(What the exercise asks): Leave the pictures out, and transcribe the material below exactly from the line with "自伝授業料みなすLemonade Hydro Enzyme" to the line with "Li-Ning sportbroek, grijs melange/ zwart", both lines included.

(Data for review):
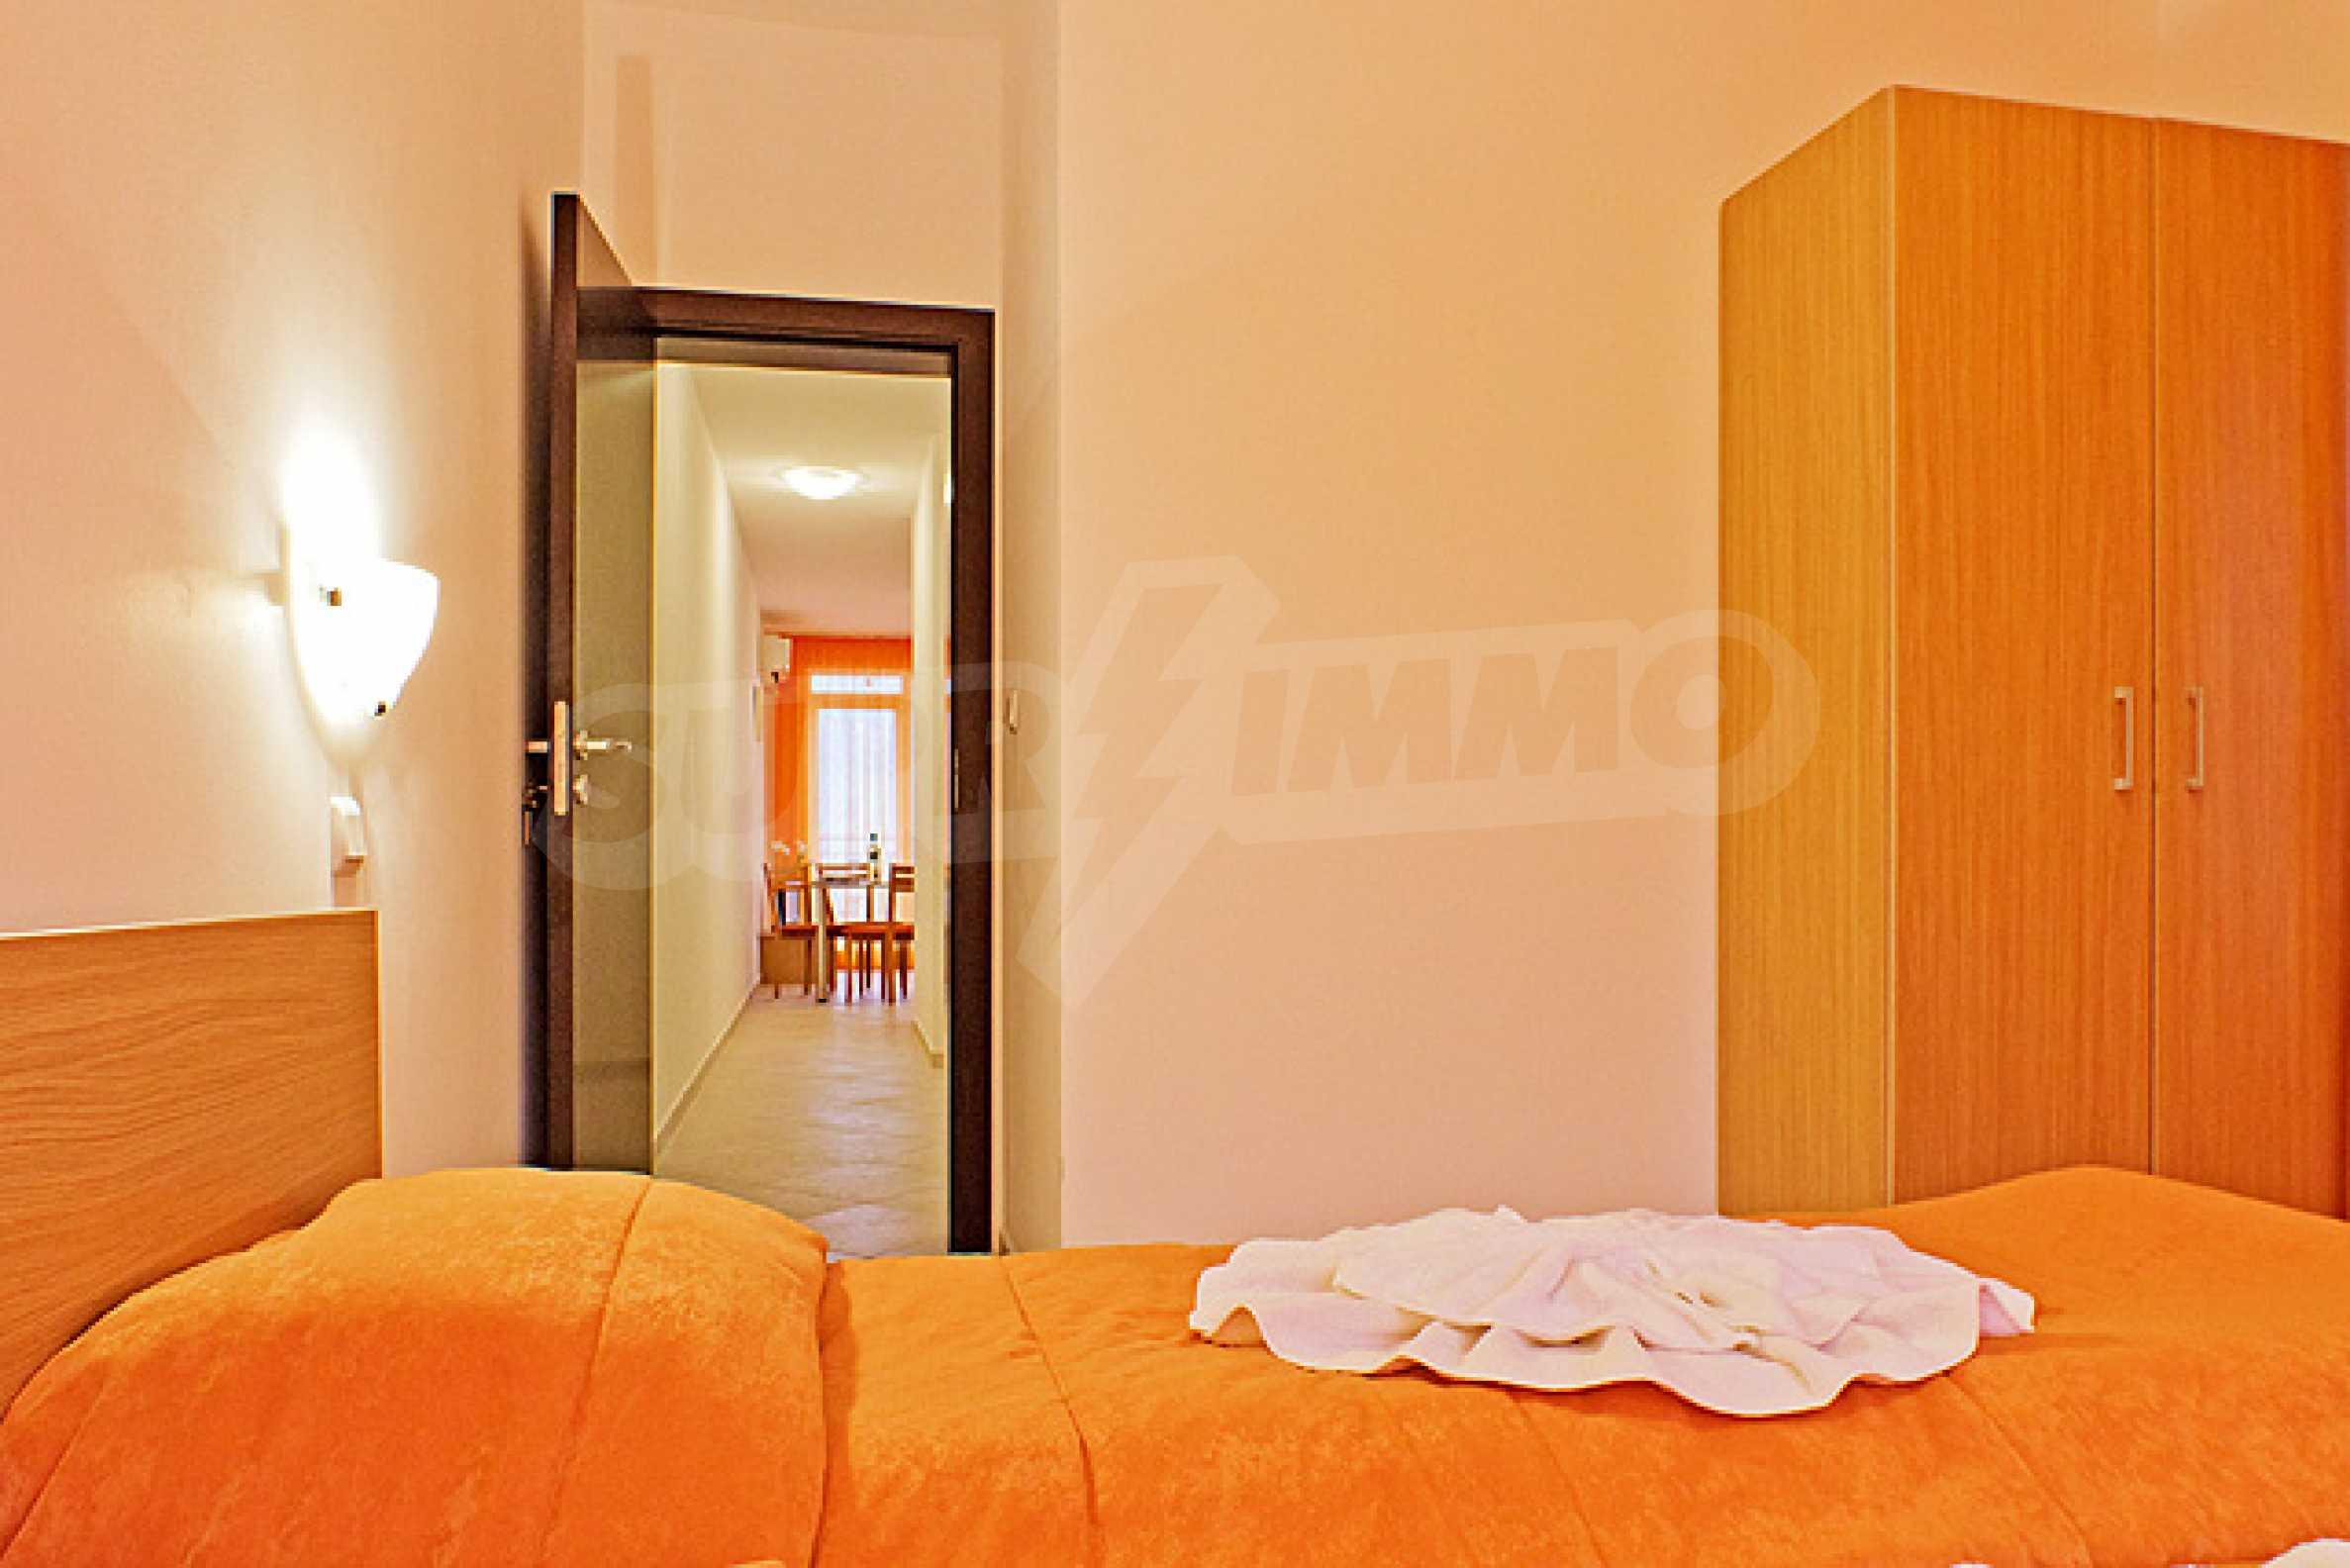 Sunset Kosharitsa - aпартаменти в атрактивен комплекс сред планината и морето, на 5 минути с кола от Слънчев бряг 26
--
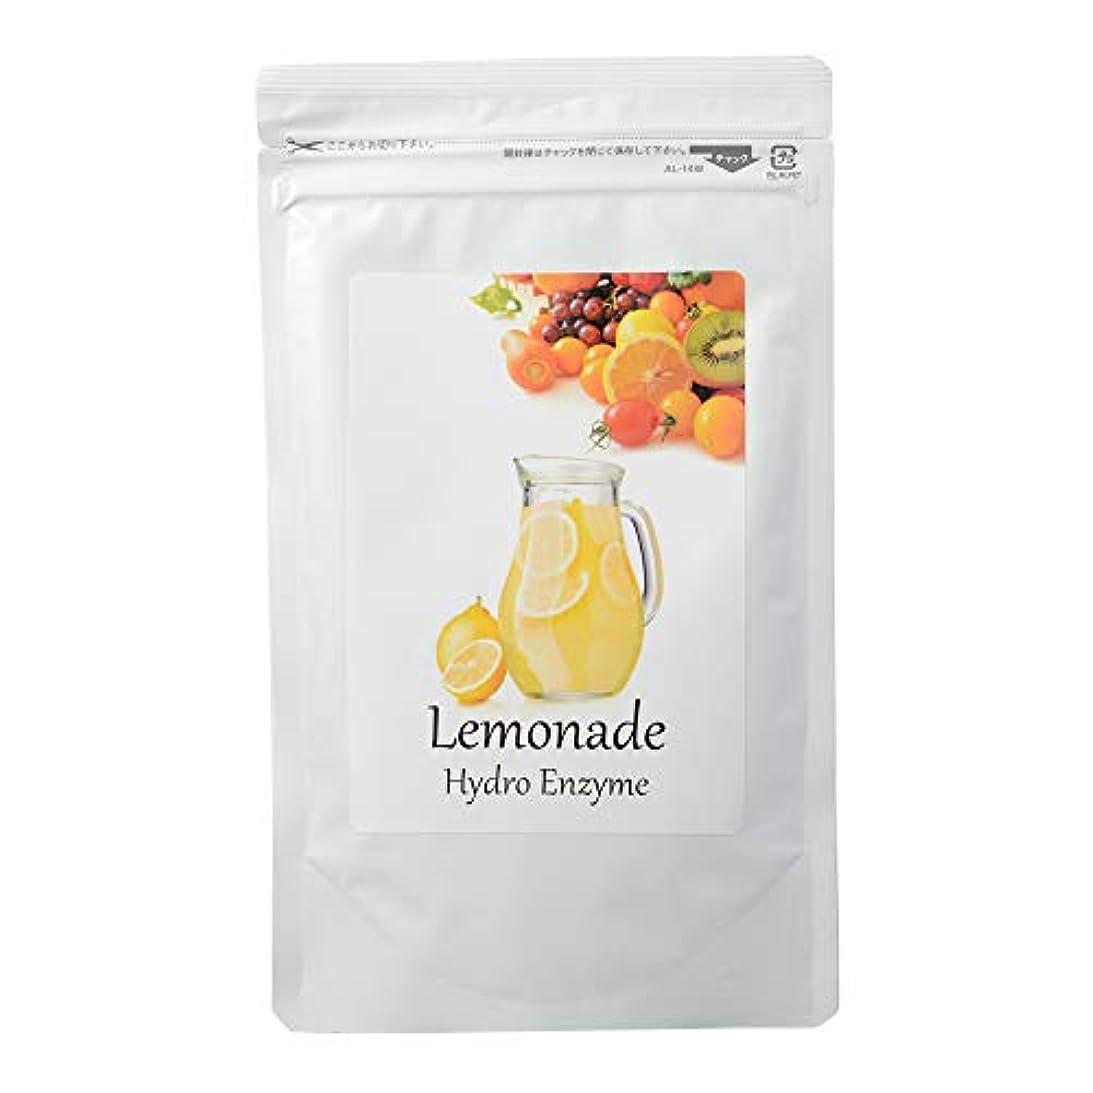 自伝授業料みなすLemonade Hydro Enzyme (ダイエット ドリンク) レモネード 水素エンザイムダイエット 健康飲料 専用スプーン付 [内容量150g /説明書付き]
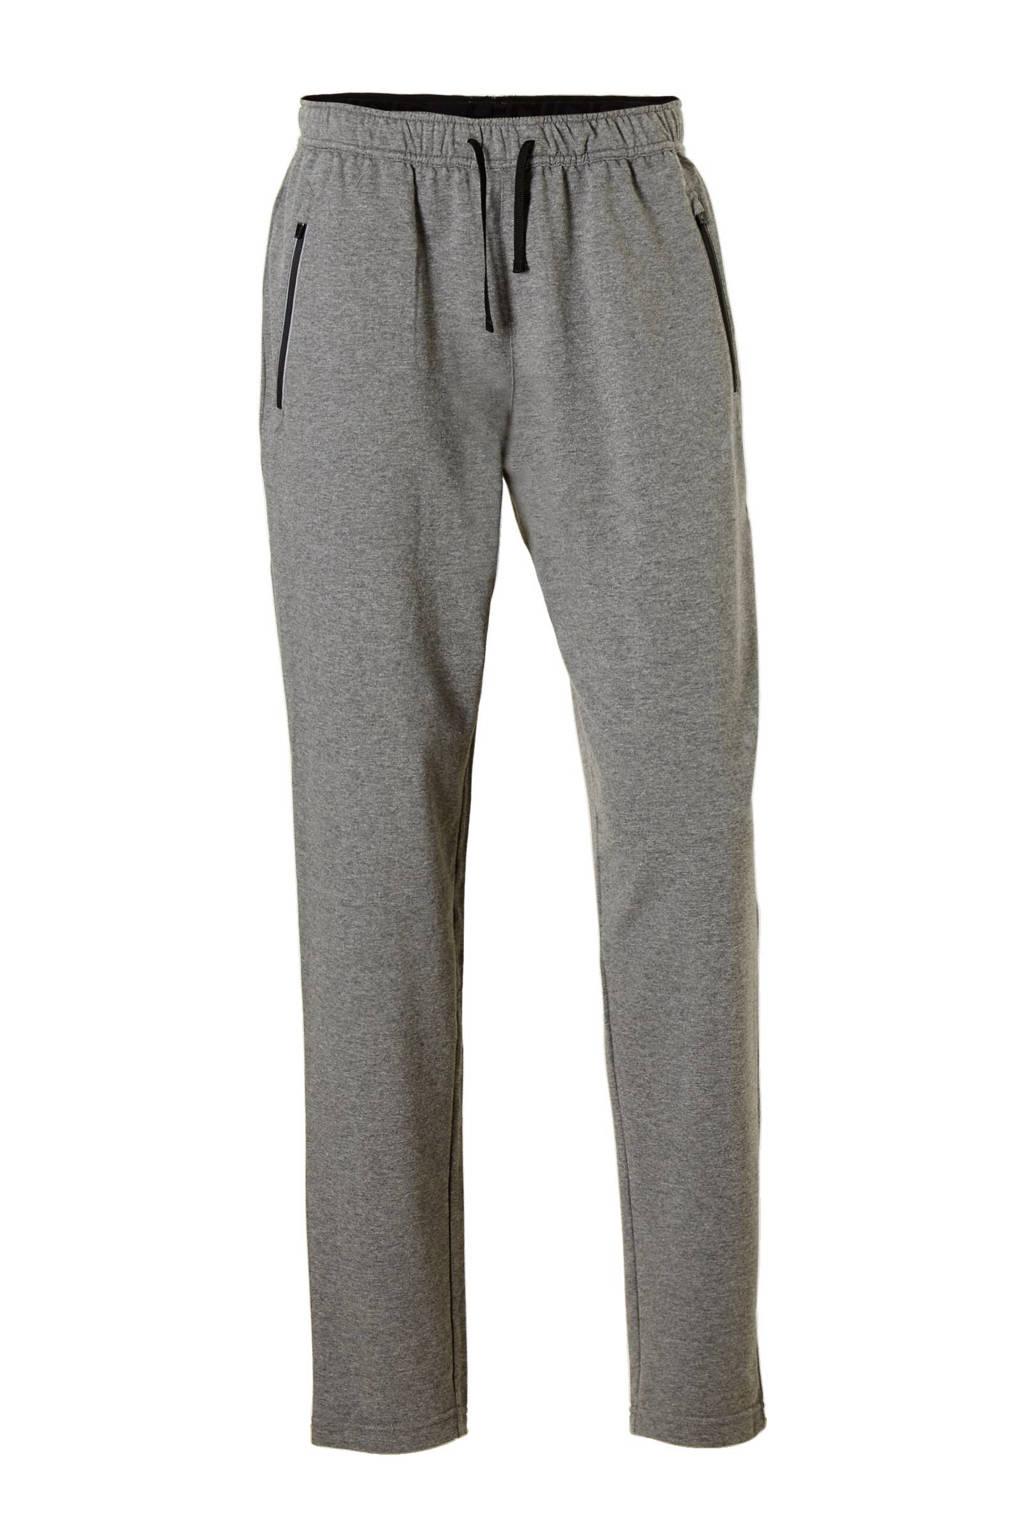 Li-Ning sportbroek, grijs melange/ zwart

(Reply to the task):
 自伝授業料みなすLemonade Hydro Enzyme (ダイエット ドリンク) レモネード 水素エンザイムダイエット 健康飲料 専用スプーン付 [内容量150g /説明書付き]
 Li-Ning sportbroek, grijs melange/ zwart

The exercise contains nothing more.